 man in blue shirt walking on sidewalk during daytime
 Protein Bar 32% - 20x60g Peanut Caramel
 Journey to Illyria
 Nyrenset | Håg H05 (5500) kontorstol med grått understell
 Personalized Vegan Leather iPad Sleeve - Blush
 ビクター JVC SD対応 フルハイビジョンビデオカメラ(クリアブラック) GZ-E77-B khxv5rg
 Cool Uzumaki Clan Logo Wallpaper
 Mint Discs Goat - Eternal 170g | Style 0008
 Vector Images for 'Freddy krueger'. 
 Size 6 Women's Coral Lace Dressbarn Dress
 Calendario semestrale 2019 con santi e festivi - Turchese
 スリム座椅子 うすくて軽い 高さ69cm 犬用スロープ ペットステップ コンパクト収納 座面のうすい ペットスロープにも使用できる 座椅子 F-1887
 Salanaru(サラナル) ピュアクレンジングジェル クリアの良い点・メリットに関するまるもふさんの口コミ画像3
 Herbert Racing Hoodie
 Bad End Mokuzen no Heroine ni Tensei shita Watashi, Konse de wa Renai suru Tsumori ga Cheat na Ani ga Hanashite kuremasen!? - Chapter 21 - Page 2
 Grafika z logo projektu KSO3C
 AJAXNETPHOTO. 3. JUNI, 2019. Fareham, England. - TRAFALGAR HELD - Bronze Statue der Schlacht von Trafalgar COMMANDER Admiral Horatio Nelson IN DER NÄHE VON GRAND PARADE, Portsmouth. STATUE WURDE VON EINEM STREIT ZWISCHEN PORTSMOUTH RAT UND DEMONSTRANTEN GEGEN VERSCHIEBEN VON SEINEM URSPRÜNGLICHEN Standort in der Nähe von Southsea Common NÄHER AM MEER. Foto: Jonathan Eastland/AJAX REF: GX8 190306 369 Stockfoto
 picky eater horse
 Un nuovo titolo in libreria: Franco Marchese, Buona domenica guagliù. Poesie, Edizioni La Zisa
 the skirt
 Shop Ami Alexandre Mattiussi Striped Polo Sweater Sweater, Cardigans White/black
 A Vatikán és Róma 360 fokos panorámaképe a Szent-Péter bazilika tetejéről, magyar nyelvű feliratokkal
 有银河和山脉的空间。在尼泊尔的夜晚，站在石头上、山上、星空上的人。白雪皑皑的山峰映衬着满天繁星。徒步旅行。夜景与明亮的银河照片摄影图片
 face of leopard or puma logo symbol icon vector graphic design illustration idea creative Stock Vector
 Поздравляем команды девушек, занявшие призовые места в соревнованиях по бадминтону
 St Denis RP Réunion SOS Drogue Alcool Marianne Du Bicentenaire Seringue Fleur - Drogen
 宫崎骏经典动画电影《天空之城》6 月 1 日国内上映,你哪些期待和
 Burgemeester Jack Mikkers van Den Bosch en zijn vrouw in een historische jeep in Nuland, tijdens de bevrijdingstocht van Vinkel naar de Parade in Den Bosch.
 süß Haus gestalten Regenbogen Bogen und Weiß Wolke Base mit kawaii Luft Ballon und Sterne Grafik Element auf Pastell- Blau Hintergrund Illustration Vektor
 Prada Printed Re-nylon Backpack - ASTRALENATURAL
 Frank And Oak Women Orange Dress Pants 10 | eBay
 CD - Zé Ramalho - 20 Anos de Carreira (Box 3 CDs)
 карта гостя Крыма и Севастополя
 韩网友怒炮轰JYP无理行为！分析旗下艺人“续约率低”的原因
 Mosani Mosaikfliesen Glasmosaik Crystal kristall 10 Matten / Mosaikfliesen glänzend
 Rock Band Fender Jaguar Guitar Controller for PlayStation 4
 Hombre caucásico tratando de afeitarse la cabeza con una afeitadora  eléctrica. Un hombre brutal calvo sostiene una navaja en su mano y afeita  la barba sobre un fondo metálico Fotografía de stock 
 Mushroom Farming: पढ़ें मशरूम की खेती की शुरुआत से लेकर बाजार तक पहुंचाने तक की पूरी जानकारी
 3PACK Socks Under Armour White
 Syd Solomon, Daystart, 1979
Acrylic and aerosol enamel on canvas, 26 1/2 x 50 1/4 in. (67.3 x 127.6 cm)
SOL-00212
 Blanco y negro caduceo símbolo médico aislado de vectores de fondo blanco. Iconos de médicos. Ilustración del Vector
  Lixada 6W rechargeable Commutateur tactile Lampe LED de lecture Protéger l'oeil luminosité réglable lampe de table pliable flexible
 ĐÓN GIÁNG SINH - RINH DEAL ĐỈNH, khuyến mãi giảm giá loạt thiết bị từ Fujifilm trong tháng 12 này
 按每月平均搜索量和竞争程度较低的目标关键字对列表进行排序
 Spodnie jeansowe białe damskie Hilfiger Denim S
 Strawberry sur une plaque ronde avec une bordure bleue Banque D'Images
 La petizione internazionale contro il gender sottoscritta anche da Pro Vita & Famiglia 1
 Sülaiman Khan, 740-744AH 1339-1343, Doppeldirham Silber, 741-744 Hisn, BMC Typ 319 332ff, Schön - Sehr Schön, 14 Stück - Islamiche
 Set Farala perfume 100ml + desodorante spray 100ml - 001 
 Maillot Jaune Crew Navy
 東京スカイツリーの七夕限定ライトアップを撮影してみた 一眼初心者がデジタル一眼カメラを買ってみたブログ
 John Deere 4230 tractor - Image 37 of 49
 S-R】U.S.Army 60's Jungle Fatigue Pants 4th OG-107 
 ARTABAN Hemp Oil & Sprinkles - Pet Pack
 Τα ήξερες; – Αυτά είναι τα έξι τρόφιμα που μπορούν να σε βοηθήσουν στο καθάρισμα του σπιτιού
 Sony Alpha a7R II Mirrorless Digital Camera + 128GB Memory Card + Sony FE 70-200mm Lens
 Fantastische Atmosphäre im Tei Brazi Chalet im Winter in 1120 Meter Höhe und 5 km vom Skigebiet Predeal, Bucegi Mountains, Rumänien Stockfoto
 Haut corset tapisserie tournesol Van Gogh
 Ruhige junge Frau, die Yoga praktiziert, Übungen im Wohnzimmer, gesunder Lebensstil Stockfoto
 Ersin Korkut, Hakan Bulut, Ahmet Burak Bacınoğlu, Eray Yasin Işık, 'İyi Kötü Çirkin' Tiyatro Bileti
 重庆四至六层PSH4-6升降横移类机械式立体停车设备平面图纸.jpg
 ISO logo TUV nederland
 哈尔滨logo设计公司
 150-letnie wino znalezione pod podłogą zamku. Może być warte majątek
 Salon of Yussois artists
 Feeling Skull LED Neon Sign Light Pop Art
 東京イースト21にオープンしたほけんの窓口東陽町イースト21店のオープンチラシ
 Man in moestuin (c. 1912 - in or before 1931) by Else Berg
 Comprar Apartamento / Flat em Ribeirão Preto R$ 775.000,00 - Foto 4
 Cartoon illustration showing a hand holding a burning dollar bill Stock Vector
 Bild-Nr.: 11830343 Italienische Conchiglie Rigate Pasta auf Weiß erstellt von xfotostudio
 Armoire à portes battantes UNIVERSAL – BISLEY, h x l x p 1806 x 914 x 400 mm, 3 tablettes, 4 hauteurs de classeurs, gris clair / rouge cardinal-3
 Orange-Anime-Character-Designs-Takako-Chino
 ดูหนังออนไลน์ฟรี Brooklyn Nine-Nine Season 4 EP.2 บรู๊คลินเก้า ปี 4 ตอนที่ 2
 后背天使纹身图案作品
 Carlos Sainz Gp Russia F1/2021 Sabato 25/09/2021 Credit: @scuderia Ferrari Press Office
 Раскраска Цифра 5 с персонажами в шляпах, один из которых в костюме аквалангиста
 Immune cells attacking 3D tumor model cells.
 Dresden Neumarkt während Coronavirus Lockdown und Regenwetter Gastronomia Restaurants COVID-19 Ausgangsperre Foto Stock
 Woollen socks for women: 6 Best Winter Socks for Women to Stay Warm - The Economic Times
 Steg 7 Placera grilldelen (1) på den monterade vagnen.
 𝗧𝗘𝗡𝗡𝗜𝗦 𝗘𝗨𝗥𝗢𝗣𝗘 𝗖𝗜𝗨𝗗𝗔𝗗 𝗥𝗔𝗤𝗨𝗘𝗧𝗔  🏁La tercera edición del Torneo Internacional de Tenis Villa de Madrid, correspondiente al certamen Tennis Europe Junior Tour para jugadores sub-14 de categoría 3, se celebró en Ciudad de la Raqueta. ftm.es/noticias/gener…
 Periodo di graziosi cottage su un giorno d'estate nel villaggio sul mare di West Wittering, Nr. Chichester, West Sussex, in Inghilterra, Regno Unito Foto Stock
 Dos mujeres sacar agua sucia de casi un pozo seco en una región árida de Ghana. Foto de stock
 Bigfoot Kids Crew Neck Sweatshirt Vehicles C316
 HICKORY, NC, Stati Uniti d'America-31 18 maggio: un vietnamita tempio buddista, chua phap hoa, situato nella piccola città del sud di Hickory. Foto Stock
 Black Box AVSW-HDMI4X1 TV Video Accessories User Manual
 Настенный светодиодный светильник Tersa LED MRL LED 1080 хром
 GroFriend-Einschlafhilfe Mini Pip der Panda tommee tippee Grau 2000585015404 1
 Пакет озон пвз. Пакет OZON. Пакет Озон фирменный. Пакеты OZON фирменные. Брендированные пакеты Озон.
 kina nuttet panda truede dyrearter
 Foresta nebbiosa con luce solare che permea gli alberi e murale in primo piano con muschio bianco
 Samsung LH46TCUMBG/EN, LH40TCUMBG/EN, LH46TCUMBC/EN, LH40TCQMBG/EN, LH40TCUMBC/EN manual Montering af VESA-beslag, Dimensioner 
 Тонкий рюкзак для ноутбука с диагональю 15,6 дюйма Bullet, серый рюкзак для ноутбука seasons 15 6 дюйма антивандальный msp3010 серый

* Instructions to follow:
Your task for the entries above: copy exactly the span starting with the line with "St Denis RP" and going on through the line with "Mosani Mosaikfliesen Glasmosaik", both lines included, and nothing else.

* Solution:
 St Denis RP Réunion SOS Drogue Alcool Marianne Du Bicentenaire Seringue Fleur - Drogen
 宫崎骏经典动画电影《天空之城》6 月 1 日国内上映,你哪些期待和
 Burgemeester Jack Mikkers van Den Bosch en zijn vrouw in een historische jeep in Nuland, tijdens de bevrijdingstocht van Vinkel naar de Parade in Den Bosch.
 süß Haus gestalten Regenbogen Bogen und Weiß Wolke Base mit kawaii Luft Ballon und Sterne Grafik Element auf Pastell- Blau Hintergrund Illustration Vektor
 Prada Printed Re-nylon Backpack - ASTRALENATURAL
 Frank And Oak Women Orange Dress Pants 10 | eBay
 CD - Zé Ramalho - 20 Anos de Carreira (Box 3 CDs)
 карта гостя Крыма и Севастополя
 韩网友怒炮轰JYP无理行为！分析旗下艺人“续约率低”的原因
 Mosani Mosaikfliesen Glasmosaik Crystal kristall 10 Matten / Mosaikfliesen glänzend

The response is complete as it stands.